What you are asked to do:
Exact retyping of the data: please keep every word and drop each picture.

[Source data — start]

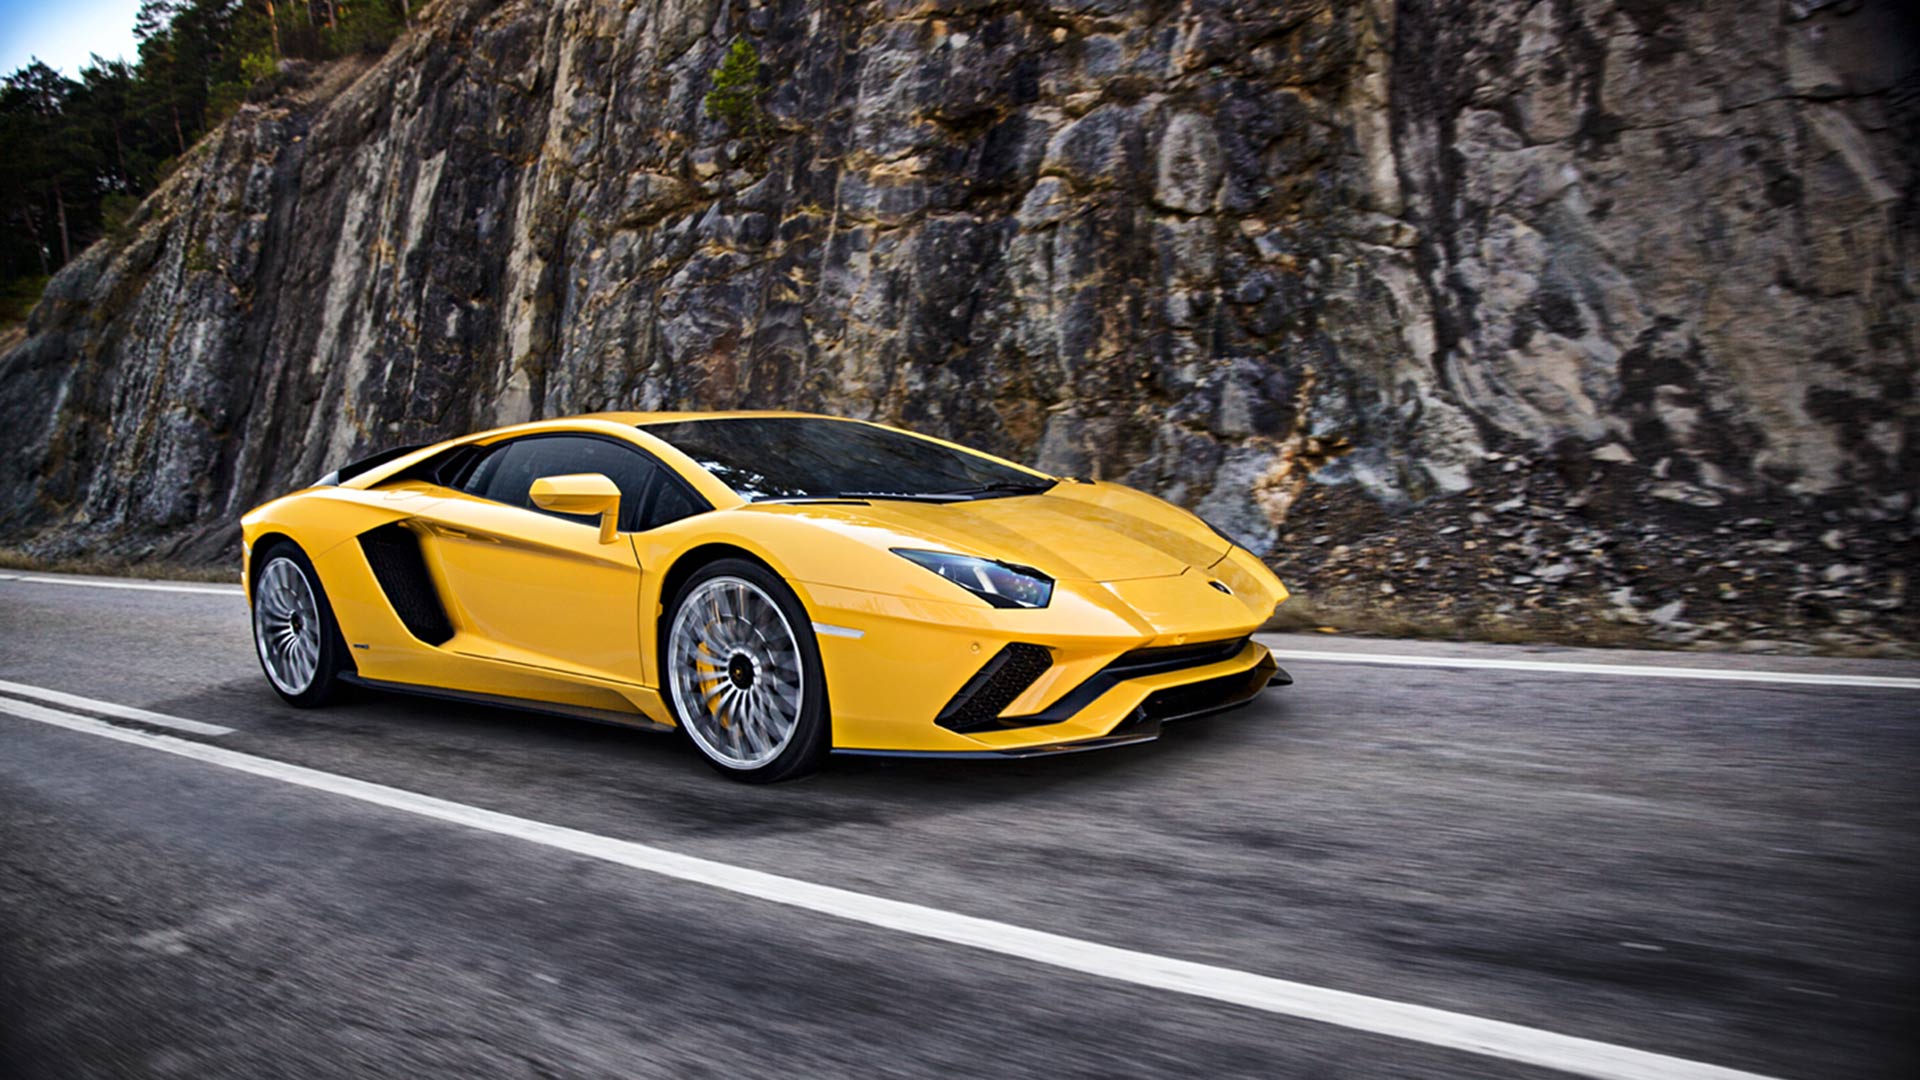 Wallpaper Lamborghini Car Models On Latest Model High Quality Of
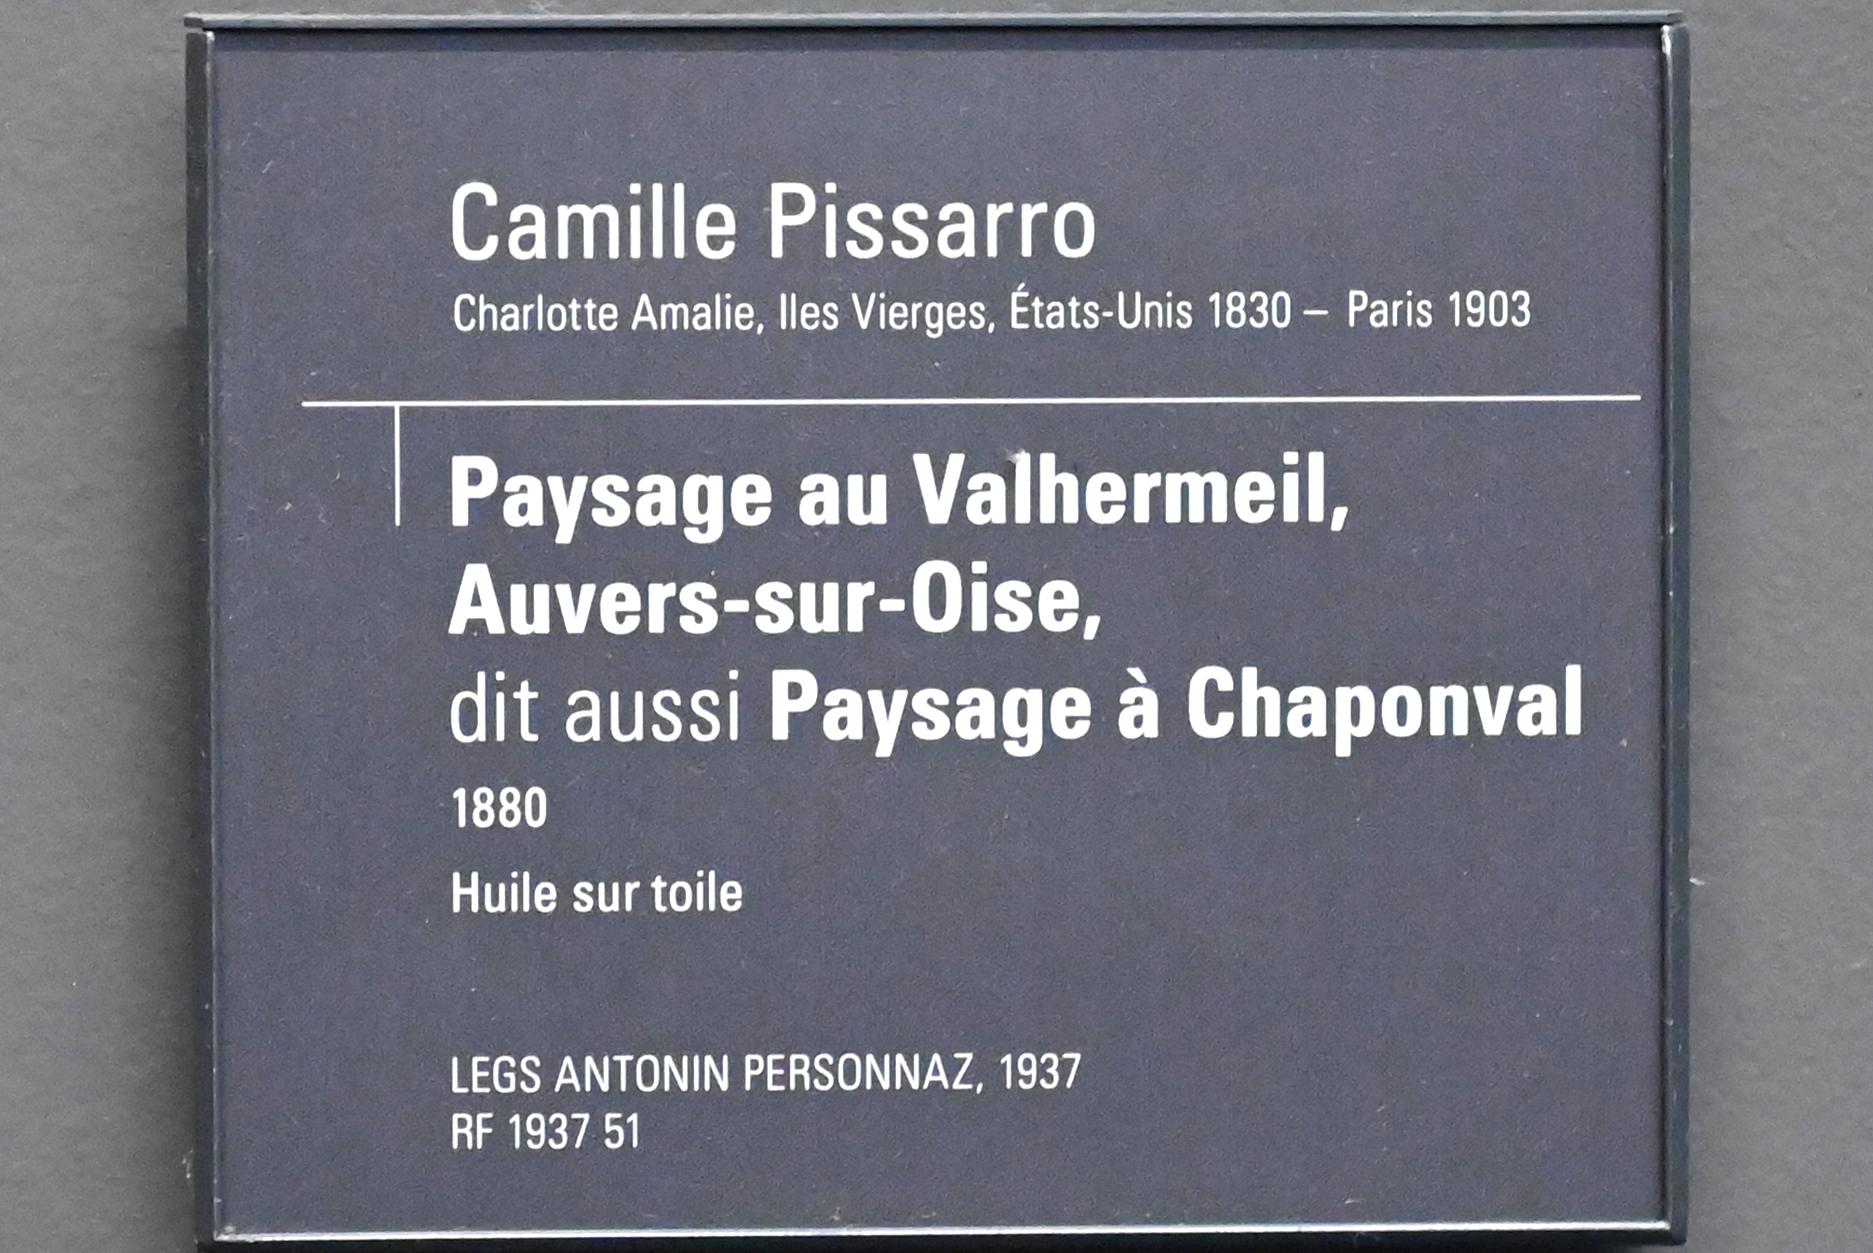 Camille Pissarro (1863–1903), Landschaft bei Valhermeil in Auvers-sur-Oise (Landschaft bei Chaponval), Paris, Musée d’Orsay, 1880, Bild 2/2
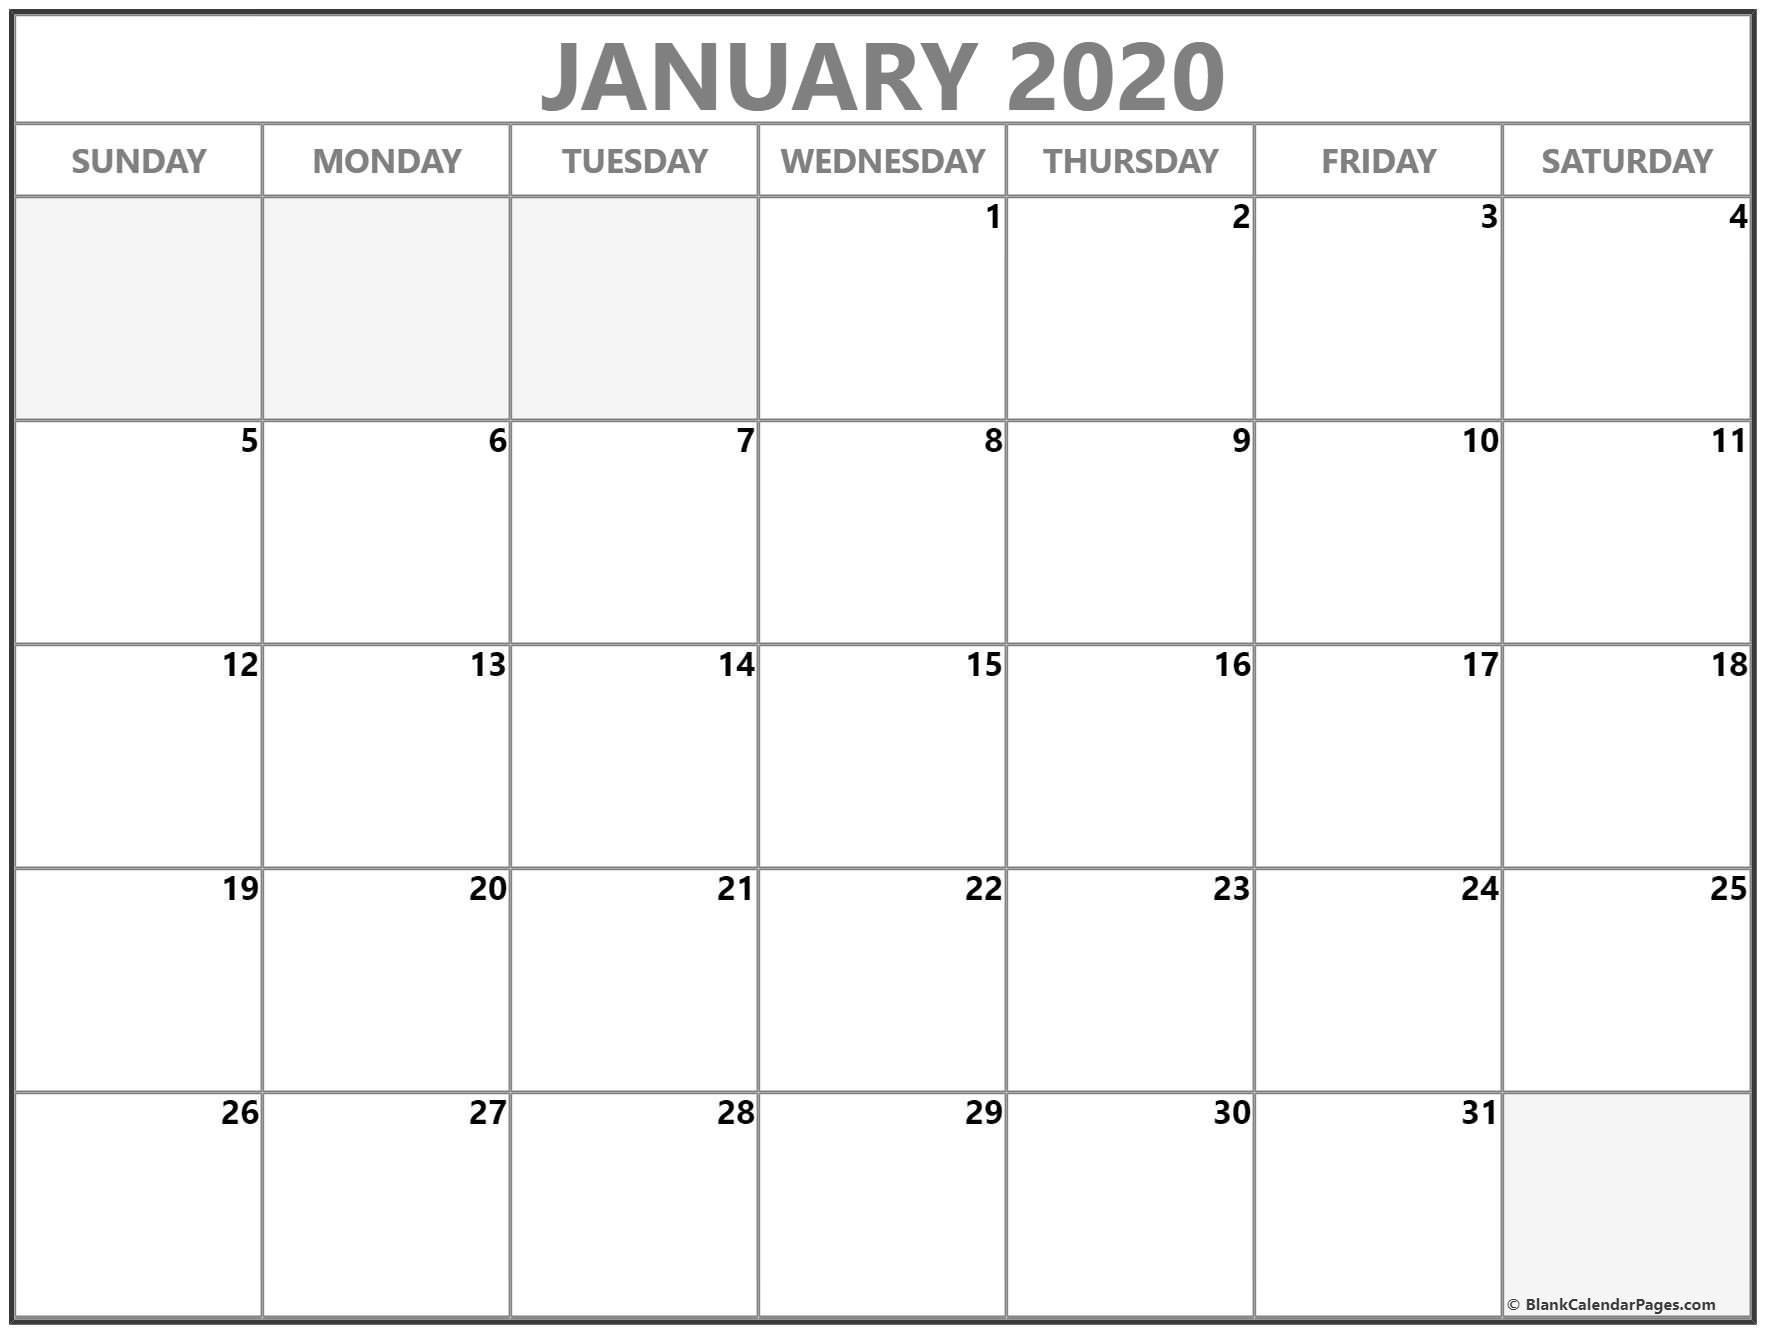 January 2020 Calendar | Free Printable Monthly Calendars-January 2020 Calendar Imom

[Source data — finish]

Expected answer:
 Wallpaper Lamborghini Car Models On Latest Model High Quality Of
 Camille Pissarro (1863–1903), Landschaft bei Valhermeil in Auvers-sur-Oise (Landschaft bei Chaponval), Paris, Musée d’Orsay, 1880, Bild 2/2
 January 2020 Calendar | Free Printable Monthly Calendars-January 2020 Calendar Imom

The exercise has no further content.